The realization that those accused or convicted of crimes against us are afforded specific rights and protections that are constitutionally enshrined and that we — the innocent victims of those crimes — have zero rights in the Maine Constitution is cruel.

Marsy’s Law for Maine is a bipartisan effort to remedy this injustice by ensuring crime victims have equal rights and equal legal footing to the rights of those accused and convicted of the crimes against us. Crime victims should not have the added burden of feeling such injustice after the cruelest of acts are committed against us when the people who had no right to cause us such deep and lifelong pain in the first place are protected.

While Maine’s criminal code addresses the rights of crime victims in statute, and is well-meaning, it is not enough. The right to “request” restitution is not a “right to restitution,” and the “right” to be notified of an upcoming legal proceeding “whenever practicable,” as is currently the case, does not suffice because it is not a requirement. Victims of crime deserve these rights to be guaranteed in the Maine Constitution.

That is why the members of the Maine chapter of Parents of Murdered Children, a grass-roots victims’ advocacy organization that I lead, support Marsy’s Law for Maine, which will elevate our rights as victims of crime to be as strong and enforceable as the rights of the people accused or convicted of a crime. Marsy’s Law for Maine will ensure our rights are recognized at the highest levels of the criminal and juvenile justice systems, and it will finally guarantee us the voice and legal standing that true justice demands.

Marsy’s Law for Maine ensures that we have the constitutional rights to be treated with courtesy, fairness and respect for our dignity and privacy throughout criminal justice proceedings; receive information about our rights and the services available to us; receive timely notification of proceedings and other major developments in our case; receive timely notification of changes to the offender’s custodial status; and be present at court proceedings. We also will have the right to provide input to the prosecutor before a plea agreement is finalized, be heard at plea, sentencing proceedings, or any process that may result in the offender’s release, and we will have the right to restitution.

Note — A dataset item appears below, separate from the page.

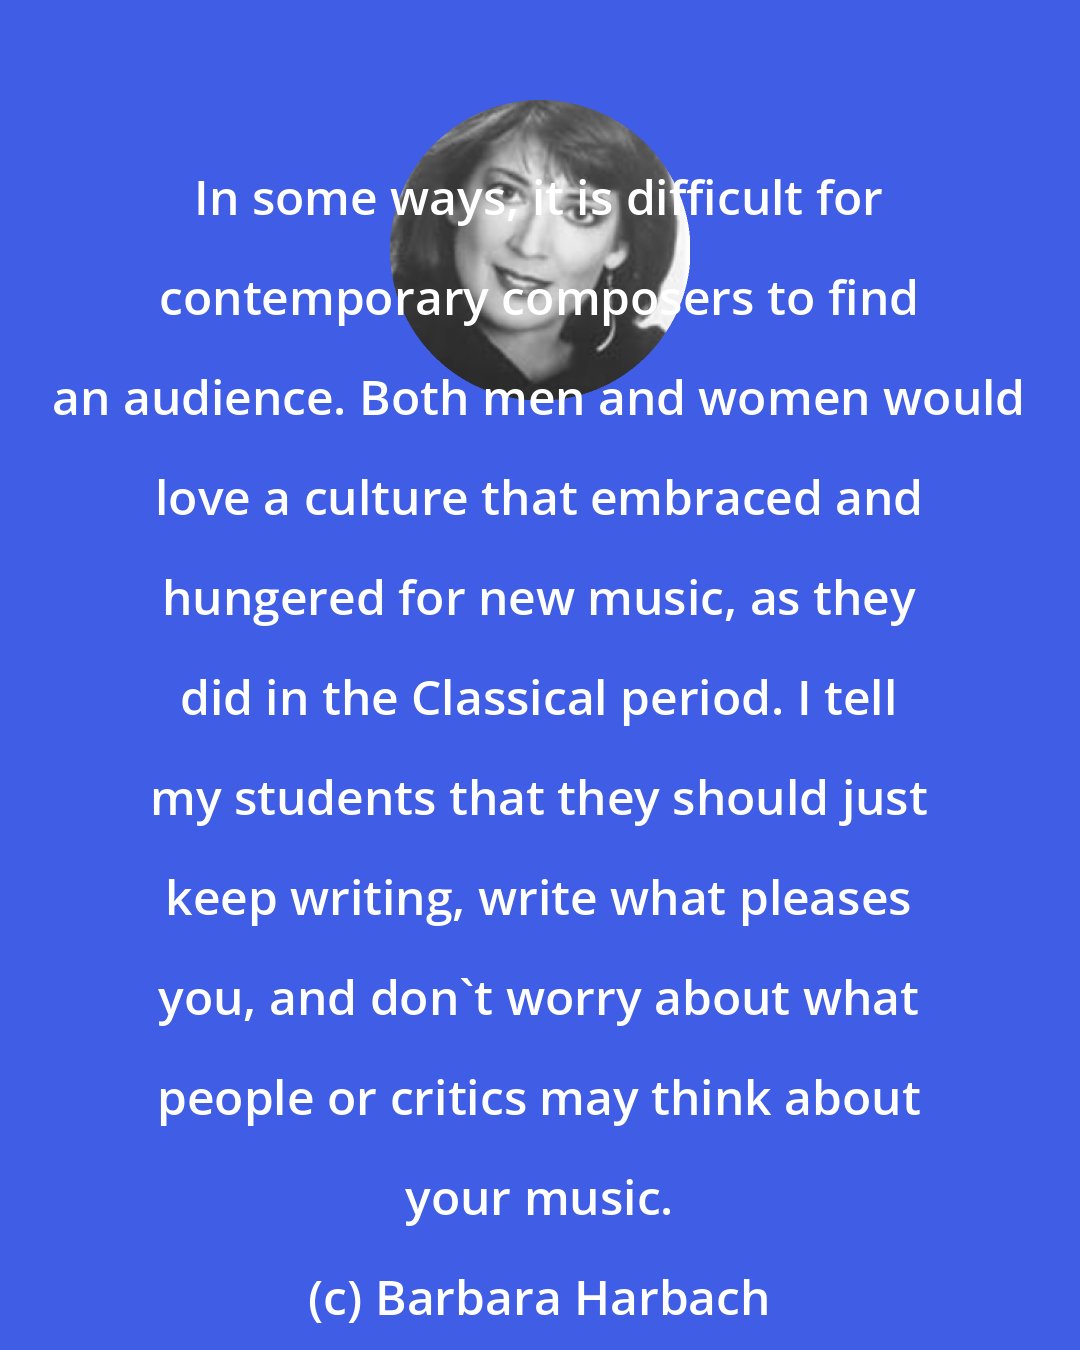 Barbara Harbach: In some ways, it is difficult for contemporary composers to find an audience. Both men and women would love a culture that embraced and hungered for new music, as they did in the Classical period. I tell my students that they should just keep writing, write what pleases you, and don't worry about what people or critics may think about your music.

Marsy’s Law for Maine will mean a great deal to crime victims. We will no longer feel our rights, or our voices and participation in the cases that affect us, are afterthoughts. It won’t change the reality we now live with nor the never-ending grief we feel, but it will reassure us that we will not be forgotten, and that we will — at long last — have legal standing equal to that of the accused or convicted. Marsy’s Law for Maine also will help end the continual reminders that occur for crime victims year after year — with the appeals, post-conviction reviews and legal challenges we suffer through — that those who took so much from us have greater legal standing than we do.

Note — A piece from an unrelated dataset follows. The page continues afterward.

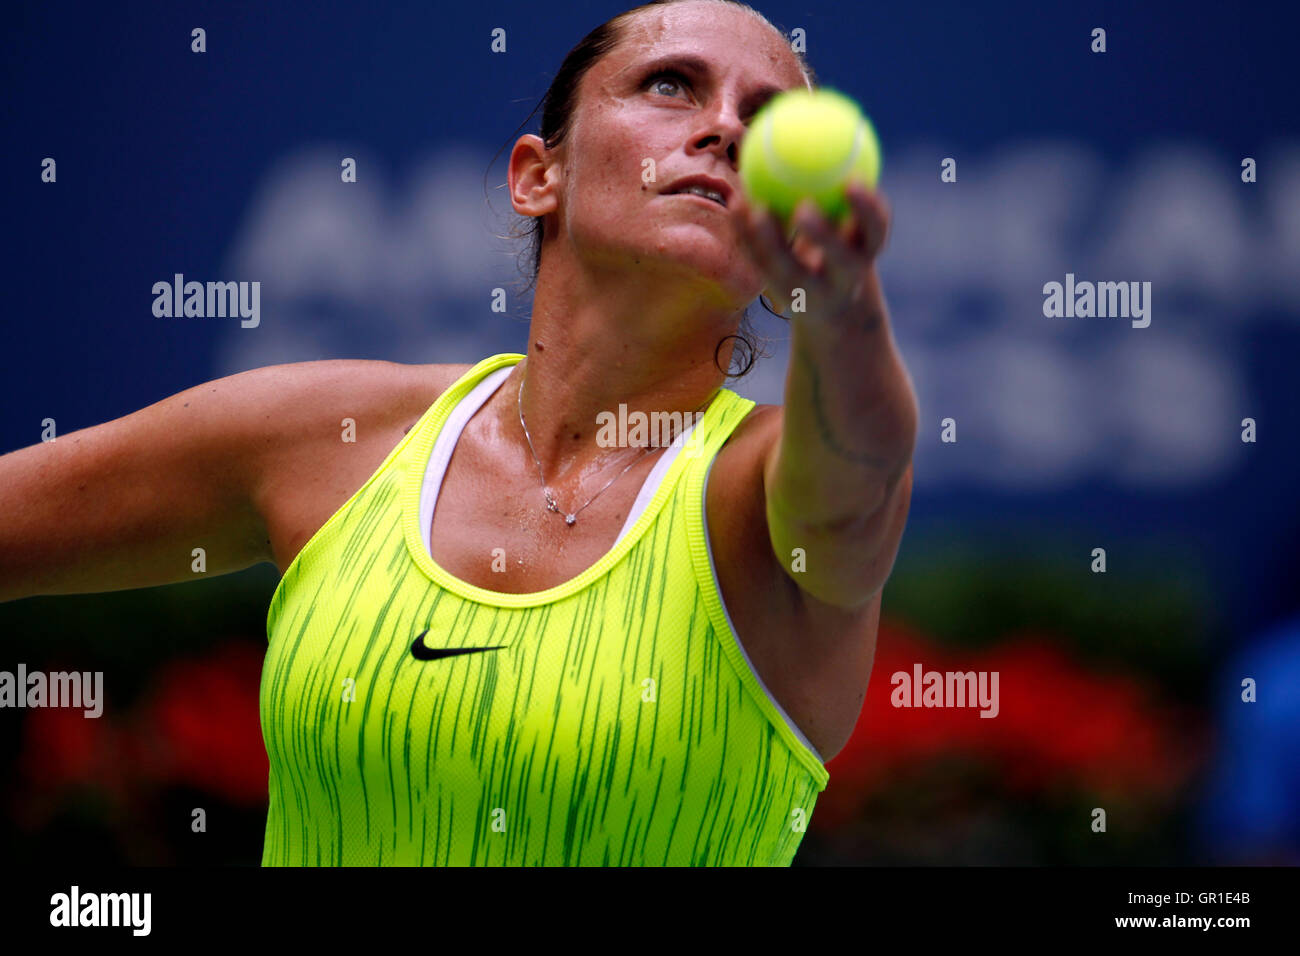 New York, USA. 6th September, 2016. Number 7 seed, Roberta Vinci of Italy serving during her quarter final match against Number 2 seed, Angelique Kerber of Germany at the United States Open Tennis Championships at Flushing Meadows, New York on Tuesday, September 6th.   Kerber won the match 7-5, 6-0 Credit:  Adam Stoltman/Alamy Live News Stock Photo

I take this opportunity during National Crime Victims’ Rights Week to thank Senate President Mike Thibodeau, House Majority Leader Erin Herbig and the co-sponsors of Marsy’s Law for Maine for their efforts to bring long-awaited justice to crime victims in Maine. It is my sincere hope that our state’s lawmakers, and eventually Maine voters, will support this much-needed remedy for crime victims who find it patently unjust that accused and convicted criminals have guaranteed constitutional rights and protections that we — the innocent victims — do not.

Arthur Jette is the leader of the Maine chapter of Parents of Murdered Children.